**Your task**
What you give back from the listing below should be an exact copy of the lines from the one with "Simone Ashley Wiki" down to the one with "Perceeloppervlakte Regentesselaan 12-0004", and it should contain no pictures.

**Exercise data**
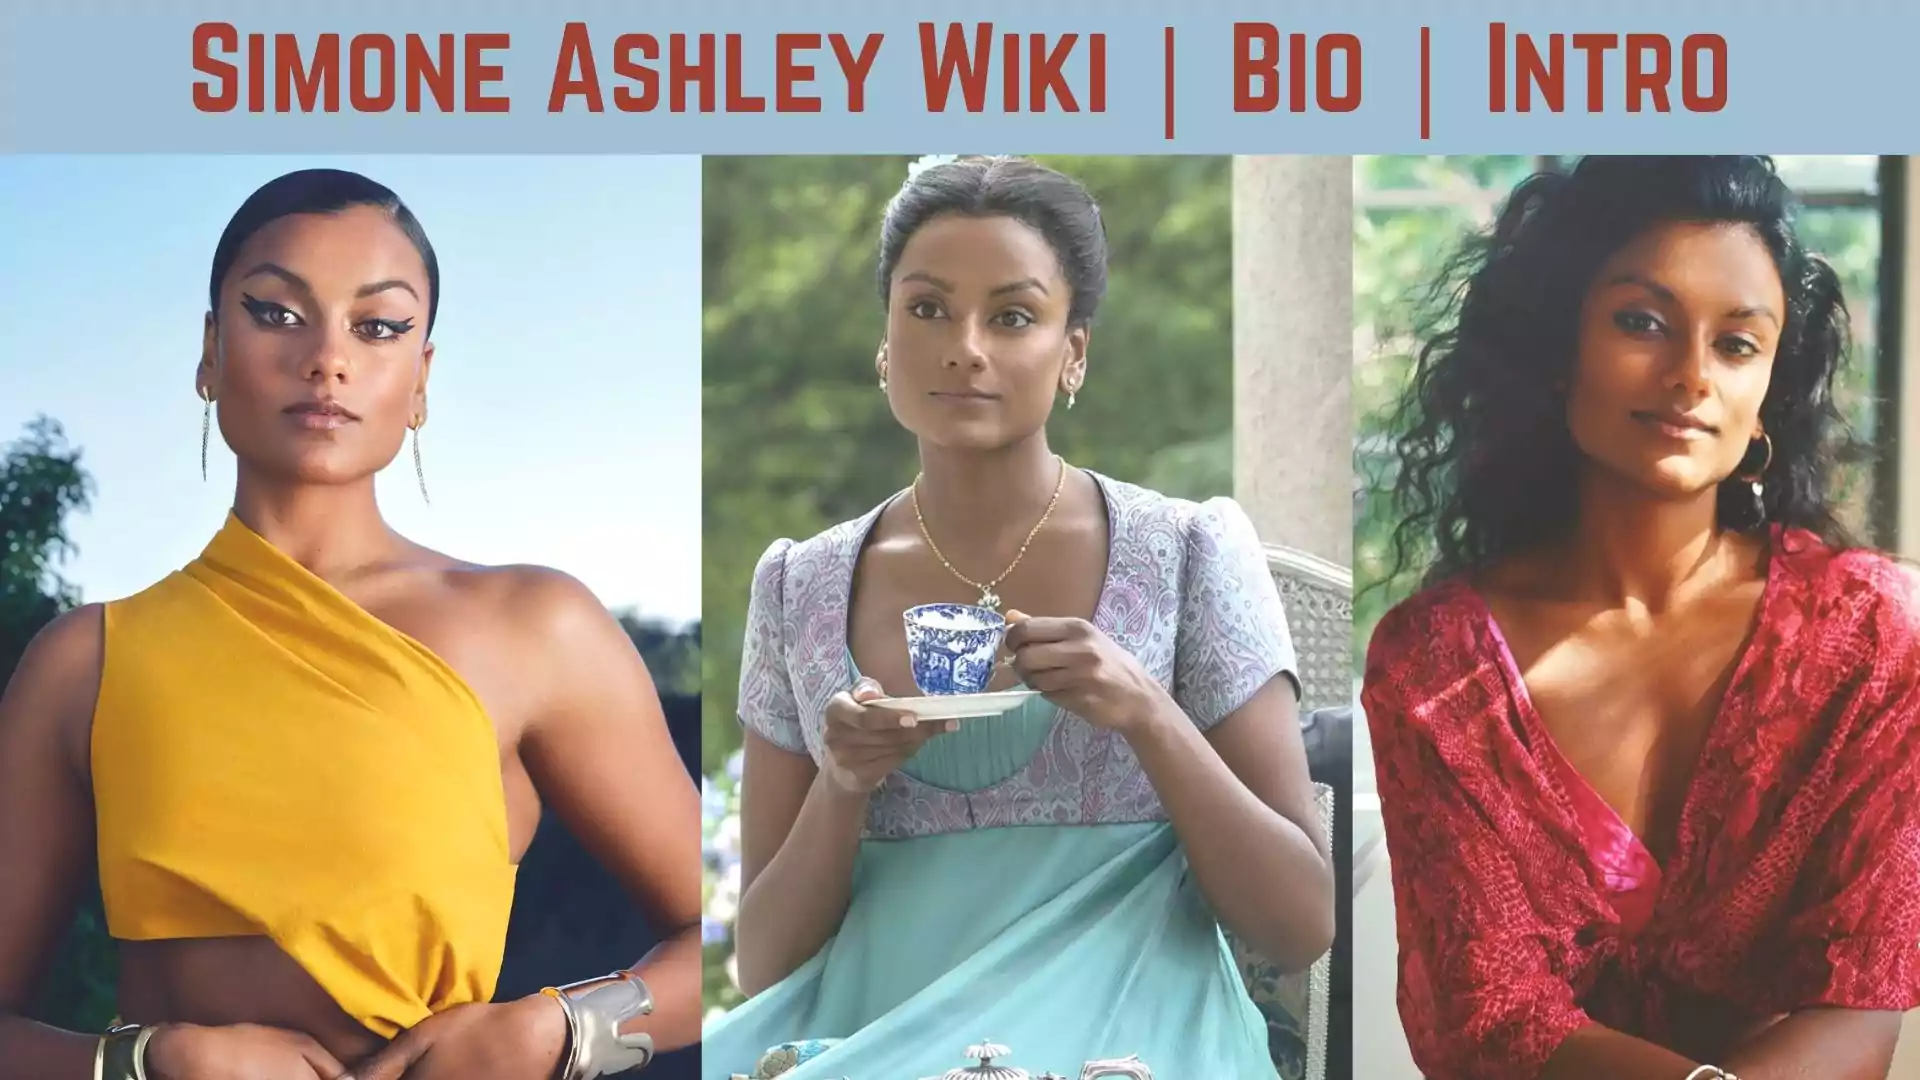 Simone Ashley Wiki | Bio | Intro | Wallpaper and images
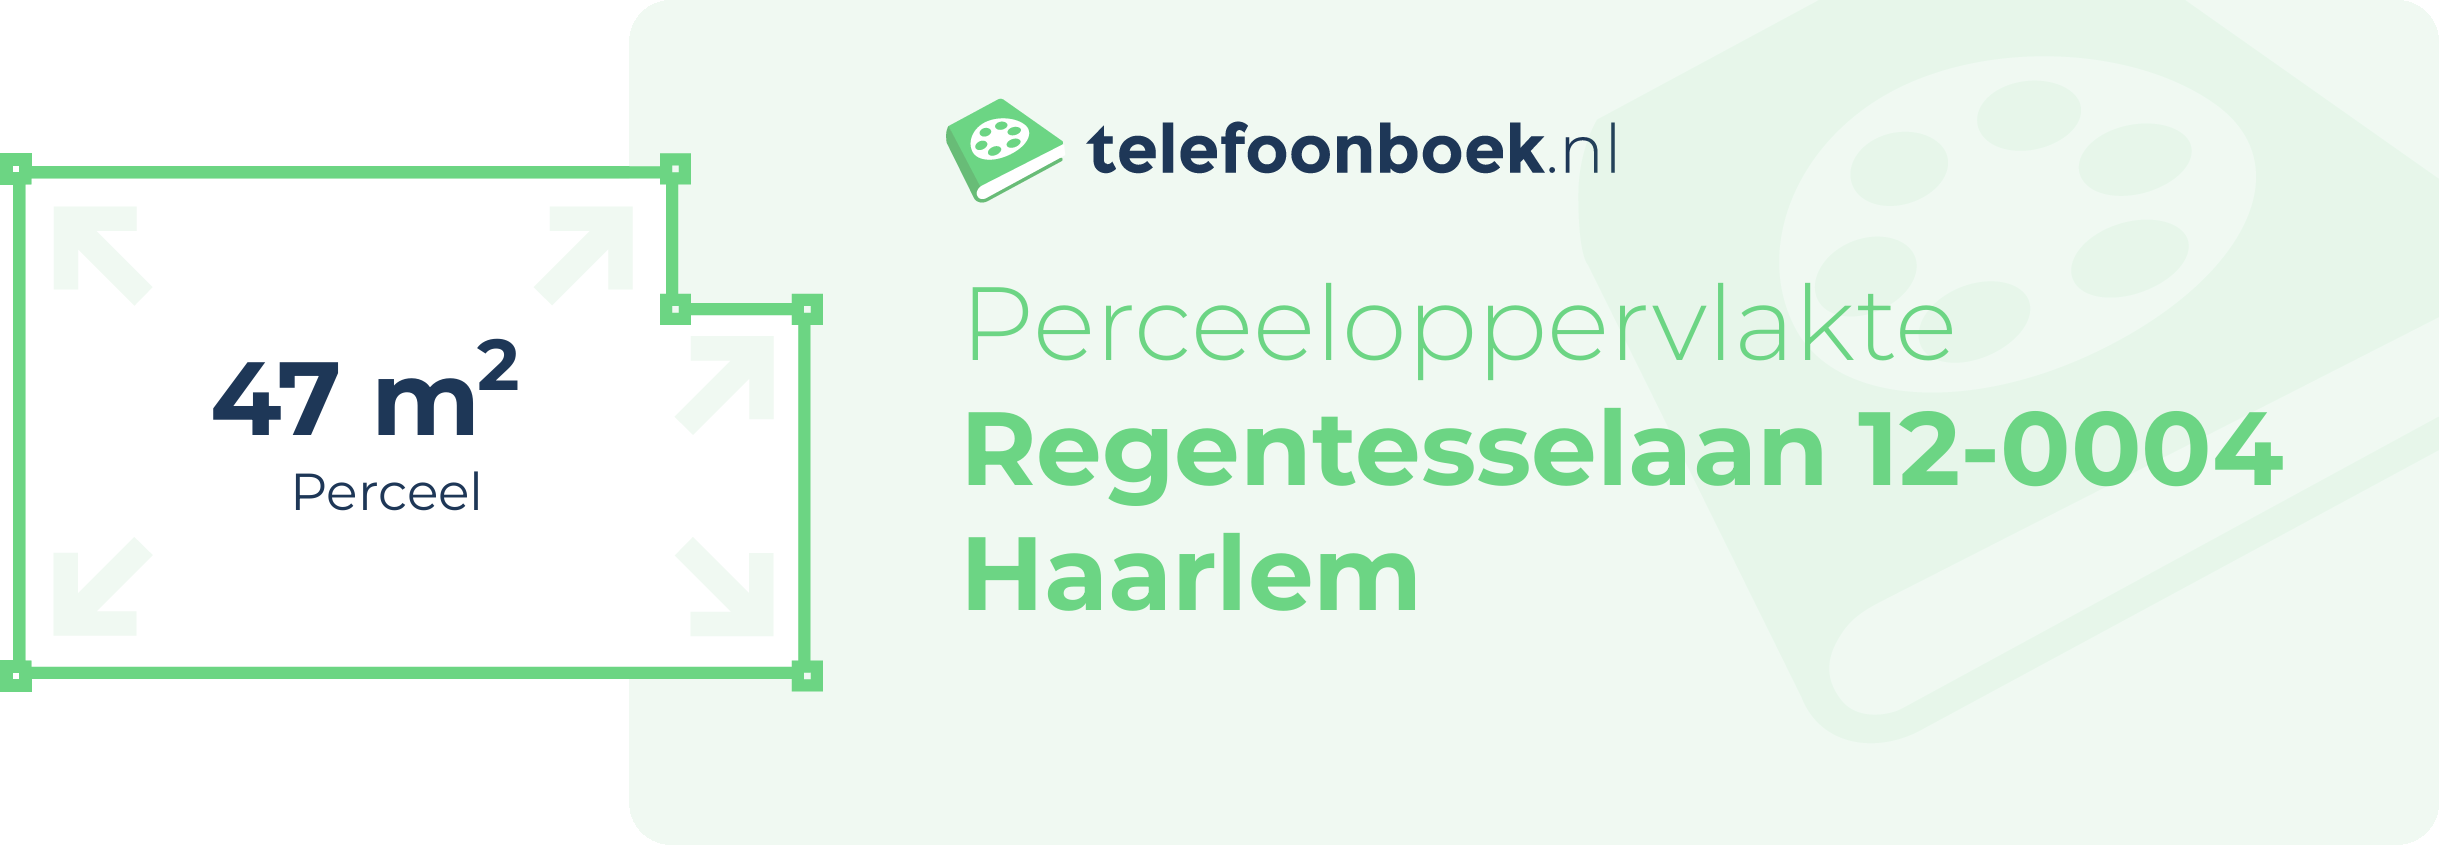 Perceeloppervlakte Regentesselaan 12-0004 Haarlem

---

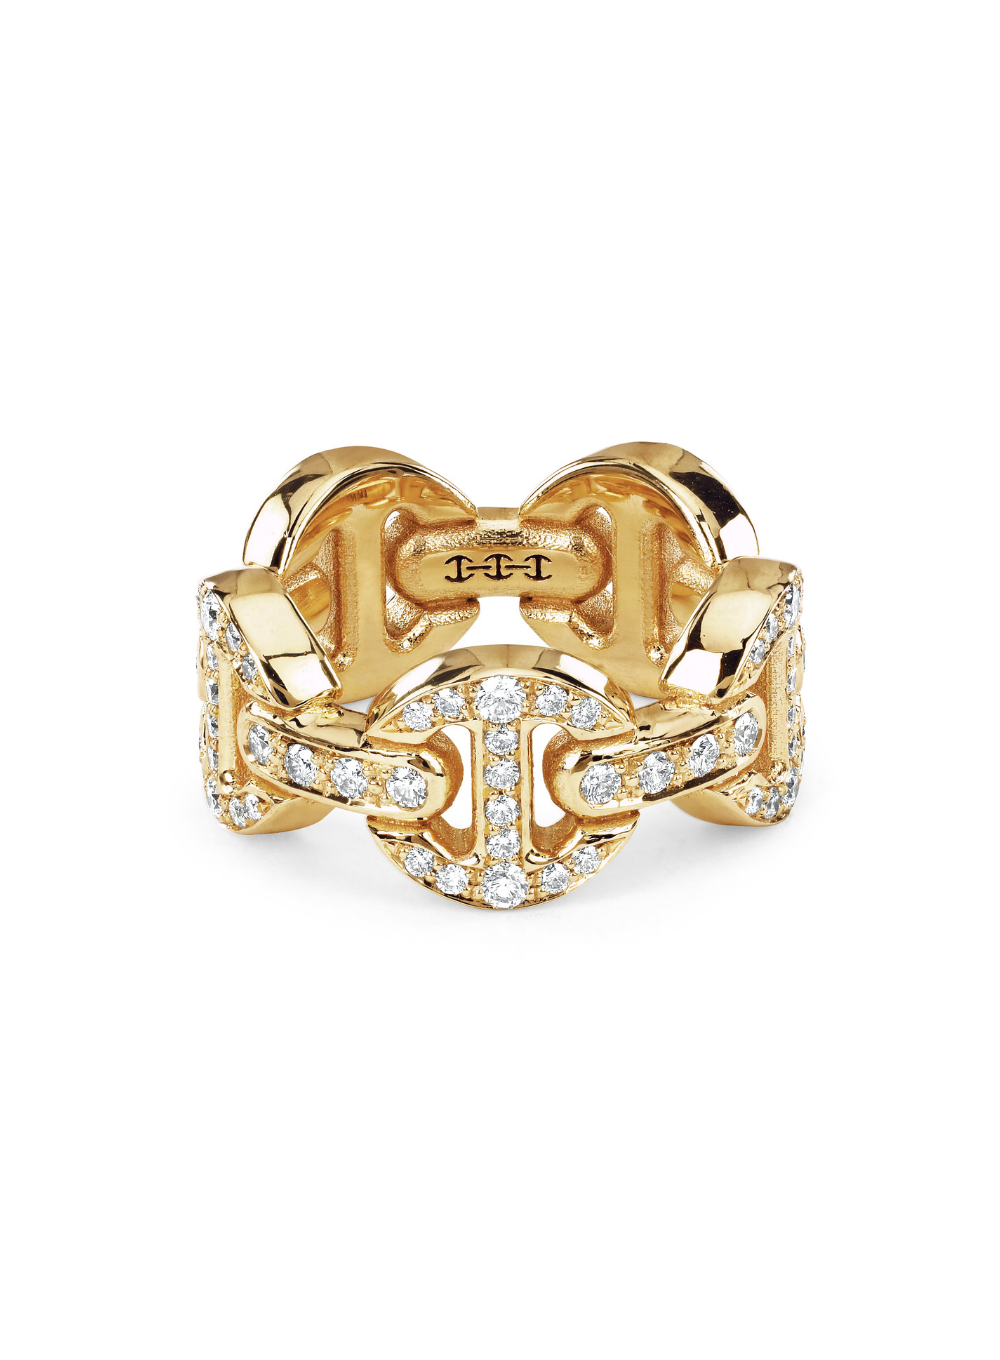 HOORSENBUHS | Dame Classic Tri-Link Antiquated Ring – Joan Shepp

--

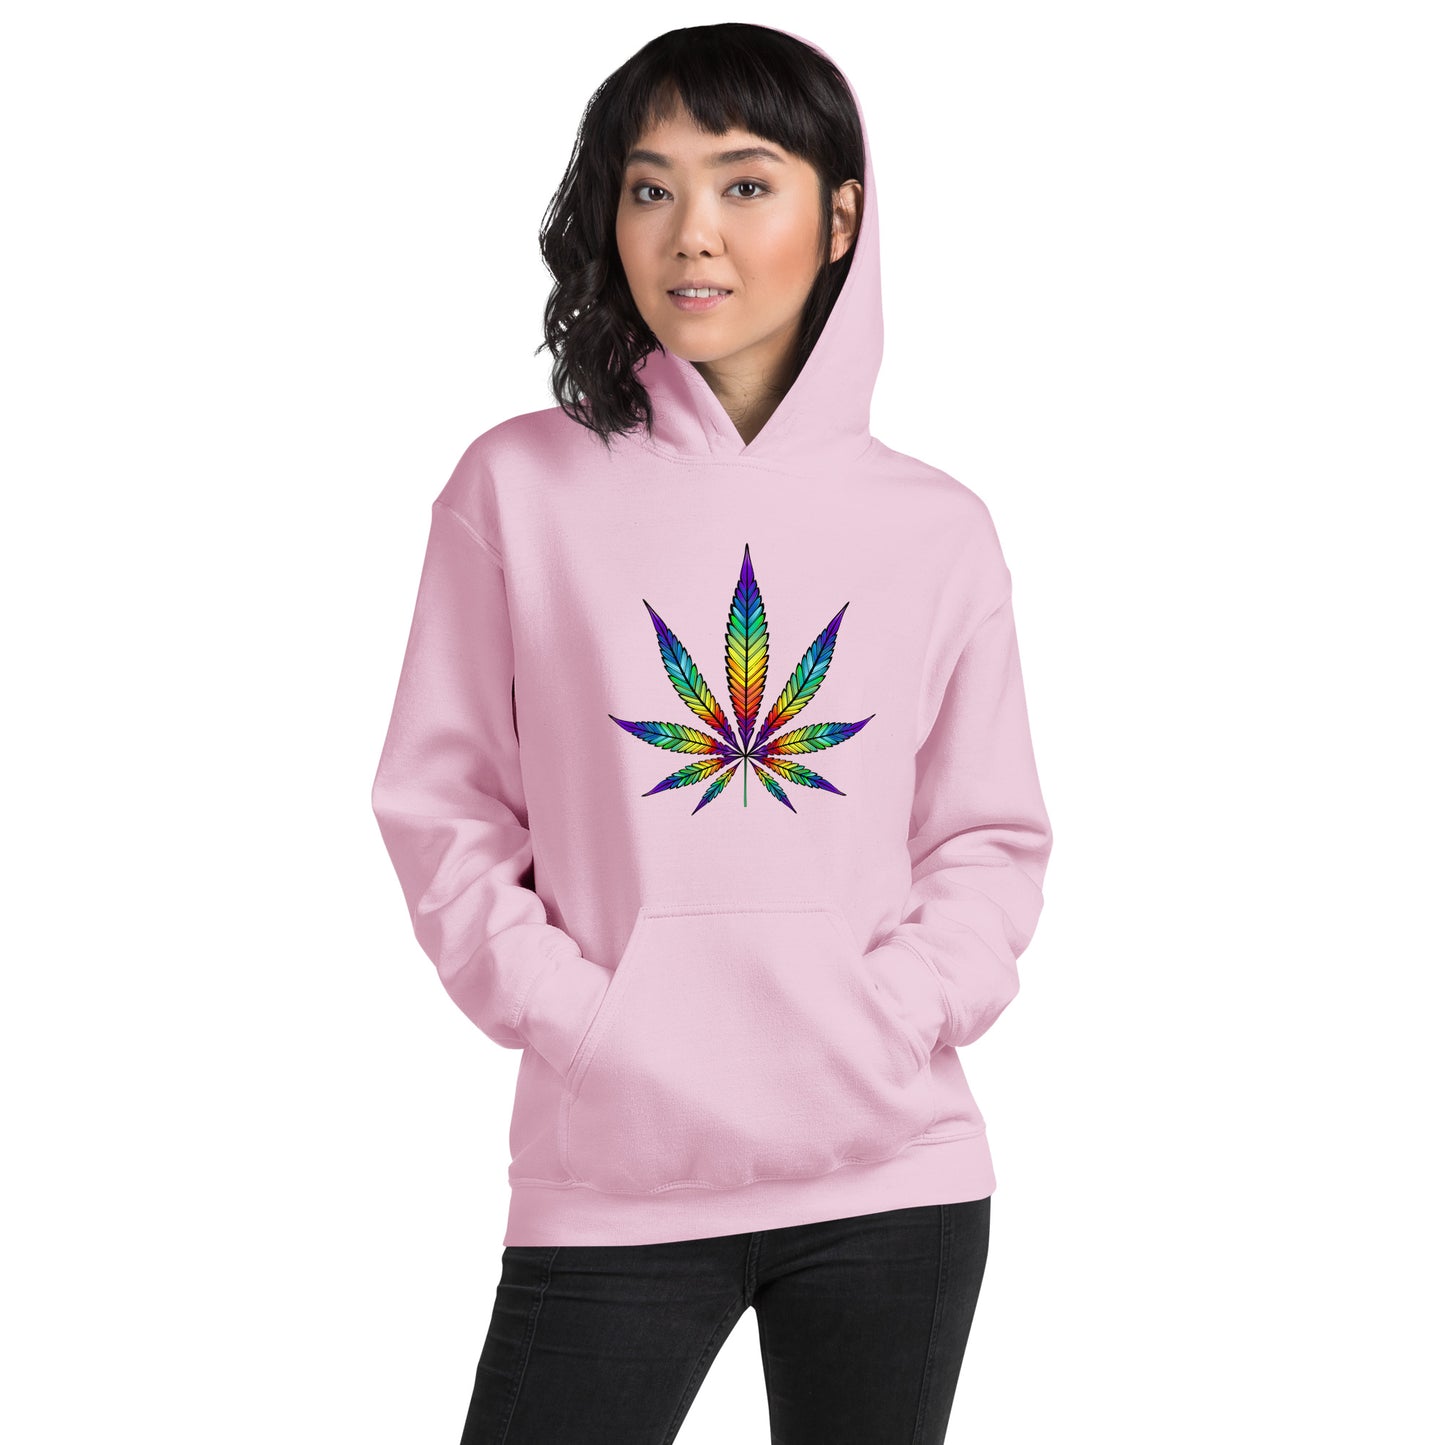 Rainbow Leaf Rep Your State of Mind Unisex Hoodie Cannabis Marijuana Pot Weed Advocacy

**Result below**
 Simone Ashley Wiki | Bio | Intro | Wallpaper and images
 Perceeloppervlakte Regentesselaan 12-0004 Haarlem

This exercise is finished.